In brief
5 June 2018

Latest news - June 2018

Last month’s tax and legal news in a few sentences.

Lenka Fialková
  • The new mandatory disclosure requirements for intermediaries and relevant taxpayers will enter into force on 25 June 2018, i.e. twenty days after their publication in the Official Journal on 5 June 2018. These are the most recent amendments to the Directive on Administrative Cooperation in the Field of Taxation (“DAC 6”), which must be implemented by member states before 31 December 2019 and which will apply from 1 July 2020. Intermediaries and relevant taxpayers will also be required to disclose information on reportable cross-border arrangements, whose first step is to be implemented between 25 June 2018 and 1 July 2020. This information should be filed by 31 August 2020.
     
  • The Ministry of Finance issued a notification clarifying the accounting treatment of virtual currencies. According to the ministry, a virtual currency is viewed as a digital medium of value. While the motive for holding virtual currencies may vary among users, regardless of the holders’ intentions, the ministry recommends recording them as “special-type” inventories, reporting them in work in progress, finished products or goods in the balance sheet and disclosing information about the purpose of their acquisition and holding and the method of their valuation in the notes to the financial statements. 
     
  • The Ministry of Industry and Trade published an updated timetable of calls to participate in the Enterprise and Innovations for Competitiveness Operational Programme in 2018. According to the new timetable, other calls to take part in the popular Innovation and Potential Programmes, designed also for large businesses, are planned for autumn 2018. The timetable is available for downloading on the API’s or the ministry’s websites. 
     
  • The May ECOFIN Council (the council of European finance ministers) adopted DAC6 rules aimed to enhance transparency and prevent aggressive cross-border tax planning.

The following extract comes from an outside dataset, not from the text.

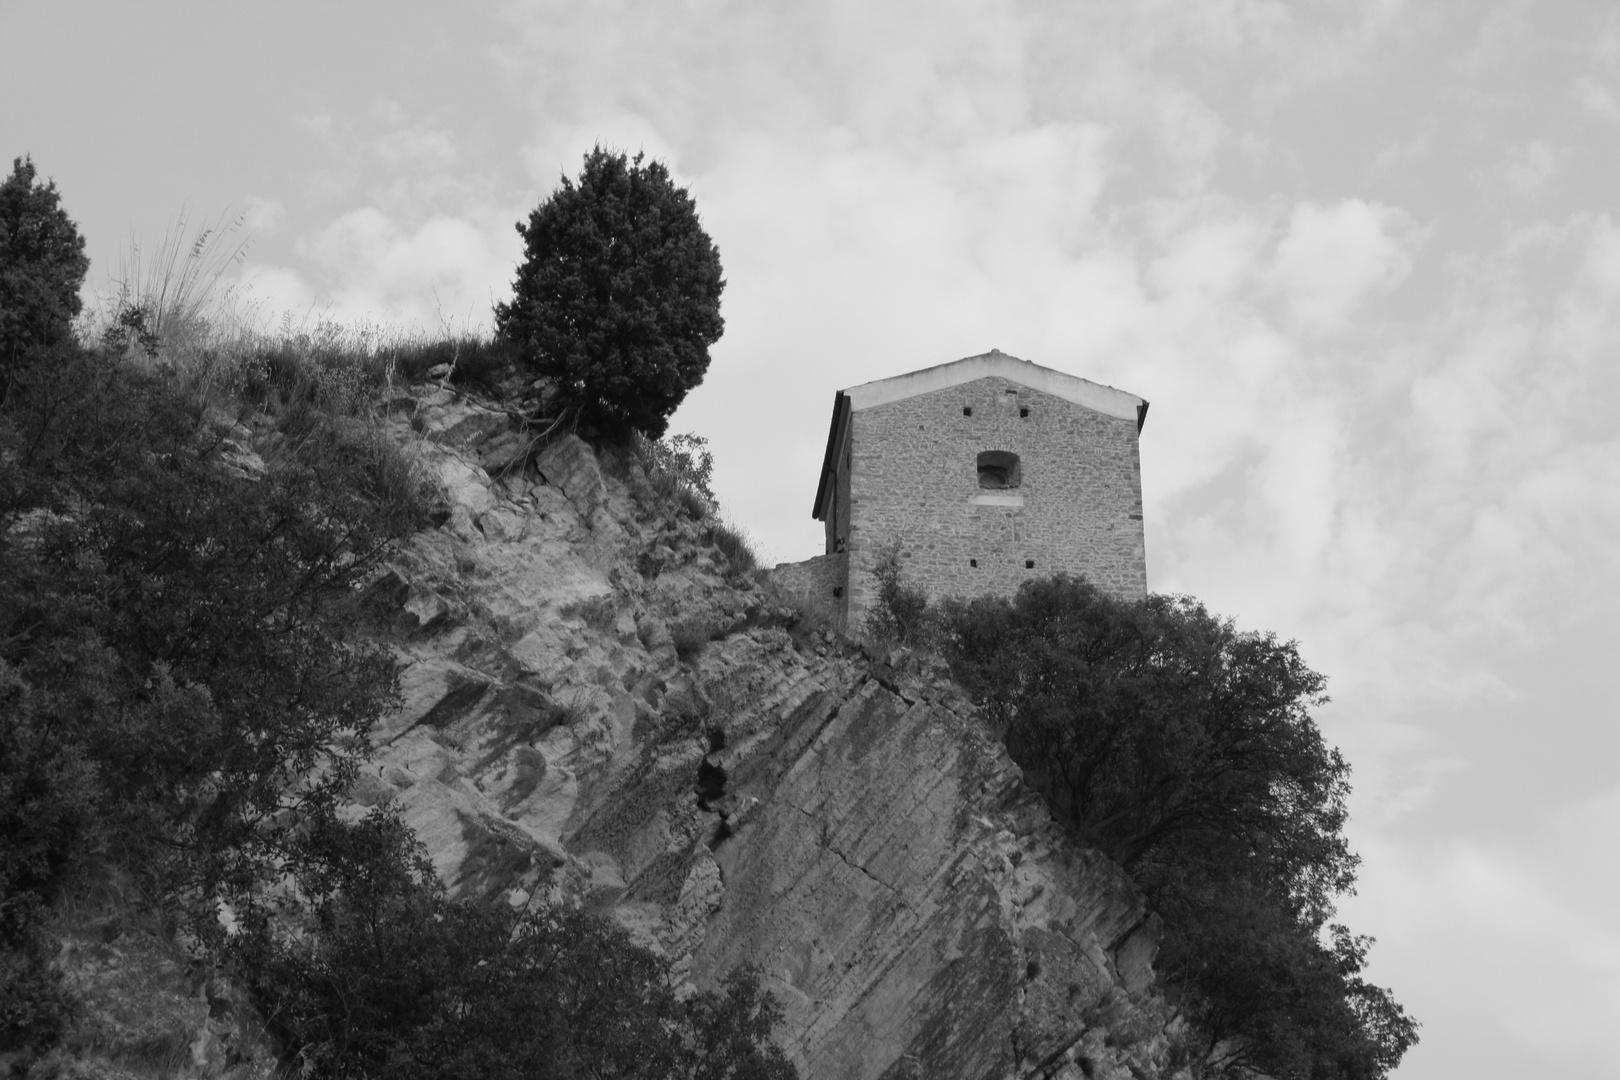 Chateau du moyen age

DAC6 focuses on intermediaries such as tax advisors, accountants and lawyers who propose or recommend tax planning arrangements. According to DAC6, intermediaries will have to report arrangements that may be aggressive. The ministers also agreed on excluding the Bahamas and the Federation of Saint Christopher and Nevis from the EU list of non-cooperative jurisdictions, since these countries have committed themselves on a high political level to rectify areas that are problematic from an EU perspective.